Within the span of one week, the executive producer, writer and creator of "Sports Night" picked up awards for his ABC dramedy from the Producer's Guild and from TV Guide, which bills the half-hour program as "the best show you're not watching."
At the same time, he's working on what might be the show's farewell.
"I have to allow for the possibility that I'm not just writing the season finale, that I'm writing the series finale," says Sorkin, who's also writes and produces "The West Wing" on NBC. "And that's going to be a really hard thing to do."
The show's fans tune into the show -- set on the set of a fictional, ESPN "Sports Center"-like show -- for its snappy dialogue and complex character relationships. When Robert Guillaume, who plays the show's executive producer, suffered a stroke last year in real life, his character on the show did, too.
But his illness wasn't as traumatic for the program as its consistently low ratings against the Tuesday night competition. ABC, disappointed with the series' ratings, has routinely pulled it from the schedule during sweeps while banking on multiple rounds of "Who Wants to Be a Millionaire."

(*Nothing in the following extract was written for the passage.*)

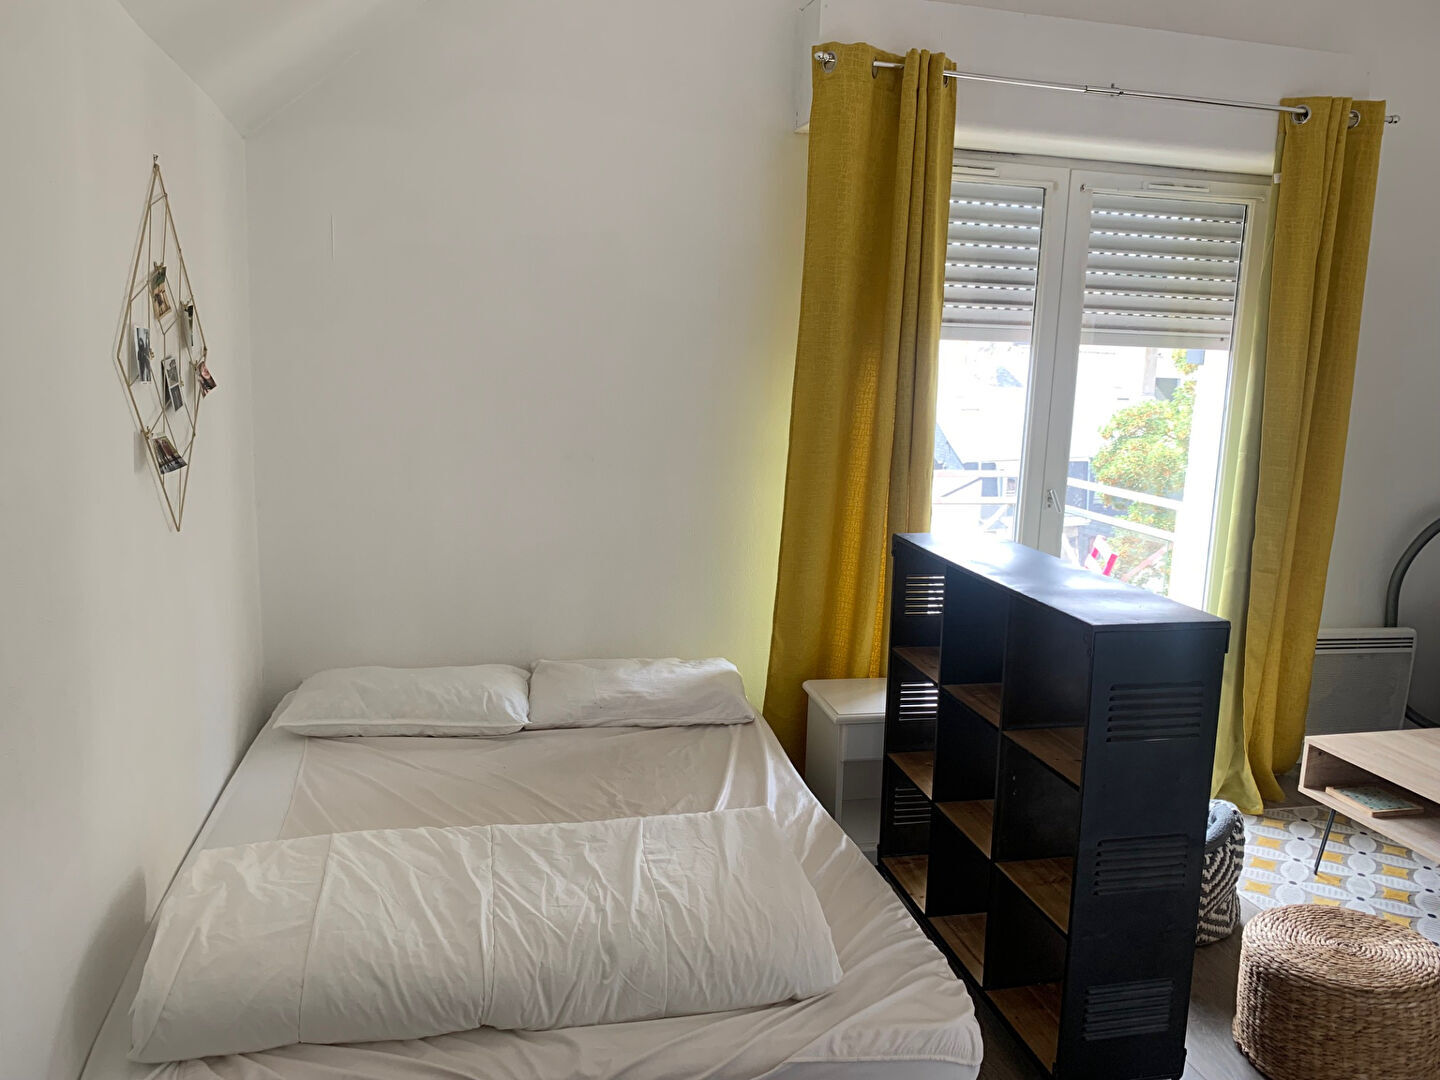 Appartement 1 pièce - 25 m² environ - 54805033b.jpg | Kermarrec Habitation

"If I were running a television network, I would do a terrible job," Sorkin says. "That said, it would have been nice in sweeps month to have that as our lead-in."
Winning 'West Wing'
"The West Wing" is faring better on NBC, rewarding Sorkin for what often is a challenging writing schedule. He writes pages of dialogue for the two shows each week, and says that recently he "lapped" himself: "I turned in a script the day the next script was supposed to be due."
Martin Sheen plays United States President Josiah Bartlet on the show, with a staff of advisors including Rob Lowe and Allison Janney. Their Hollywood version of the Oval Office mirrors the real thing, and Washington's power players are regular viewers.
"I send them a lot of 'West Wing' hats, and they send me a lot of White House T-shirts and that kind of thing," Sorkin says. "And usually on Thursday mornings" -- the show airs Wednesday nights -- "I'll get two or three e-mails from people in the White House."
Behind the scenes, Sorkin has his own private "Crossfire." His political consultants, including former White House Press Secretary DeeDee Myers, are a contentious bunch, he says.
"I can kind of put any piece of red meat out on the table -- census, proportional response, slavery reparations -- and get them fighting about it," Sorkin says.
Those arguments, he says, often end up on the screen.
A future for 'Sports Night'?
Sorkin has no plans to include the presidential race in his series. Rather, his most important political campaign is keeping "Sports Night" on the air.
He has some help from viewers: A variety of Web sites shows that ardent fans are campaigning for the show to stay on the air -- whether on ABC or another network.
And other networks have, in fact, expressed interest in the show, even though ABC hasn't sounded "Sports Night"'s death knell. "It's nice to know that if there isn't a future for us at ABC," Sorkin says, "that there might be at NBC or HBO."
But until ABC drops the axe on "the best show you're not watching," Sorkin will just keep on writing.